Mitch Michaels (born Richard Salchow in Cleveland, Ohio on March 20, 1948) is an American rock and roll radio disc jockey. Known for his contributions to many spots on the Chicago radio dial, he is best known for helping start WXRT-FM and for his work at WKQX-FM, WLUP-FM "The Loop" and WCKG-FM in Chicago, Illinois. Michaels has been on the air since his first radio job at WHFS-FM in Bethesda, Maryland in 1968. He most recently was 'Doin The Cruise' in the afternoon on WERV-FM 95.9 "The River" in Aurora, Illinois.

==Career==
Michaels began his radio career on the air at WHFS-FM in Bethesda, Maryland. in November 1968 stepping in on numerous occasions for host Abby Lincoln on her jazz show when she was unable to perform.
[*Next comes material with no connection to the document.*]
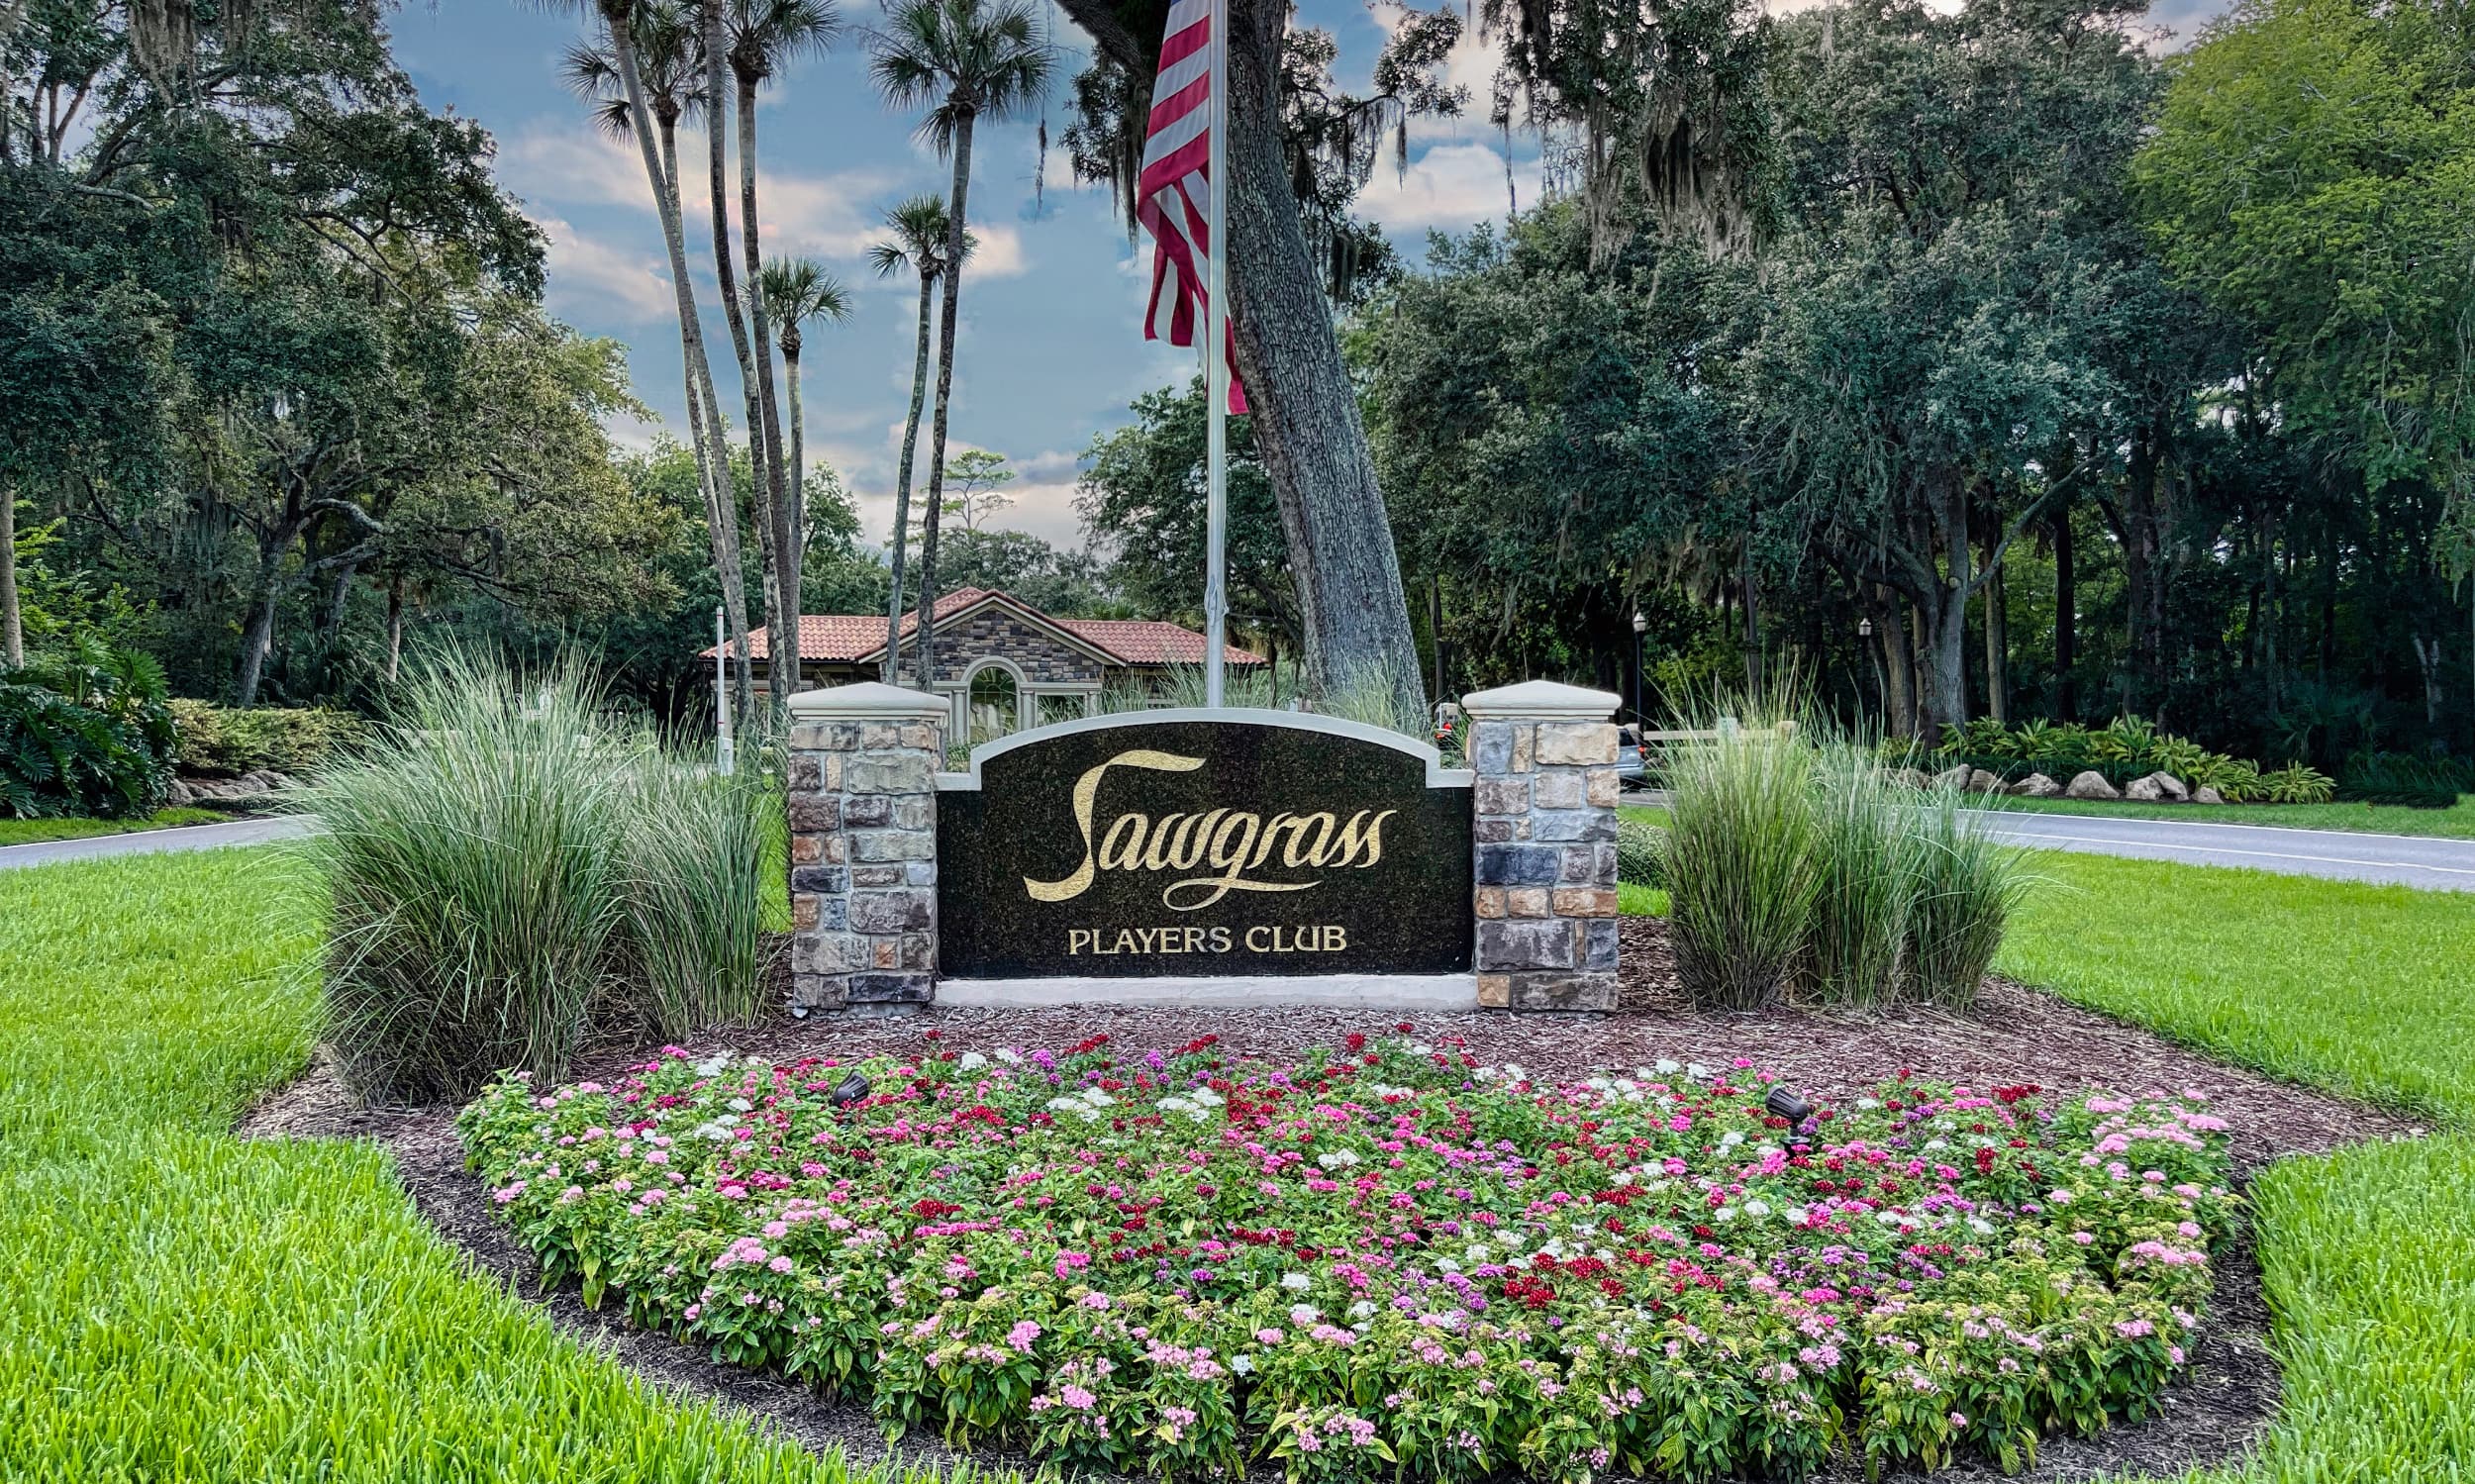 TPC Sawgrass sign at the entrance of the gate

Later, while a student at Kent State University, he worked in Cleveland radio starting at WGAR-AM in 1969 and then on to WNCR-FM and WMMS-FM. He remained in Cleveland until an offer from WGLD-FM brought him to Chicago in late 1971. Michaels has been on the air in the Chicago market ever since with a list of call letters longer than Dr. Johnny Fever's (that includes WGLD, WXRT, WDAI, WKQX, WLUP, WCKG, WLS, 9FM & WXCD) the difference being Michaels's are all in Chicago. He was 'Doin' the Cruise' and from 3p–7p at 95.9 "The River" WERV-FM in Aurora, Illinois until March 2023.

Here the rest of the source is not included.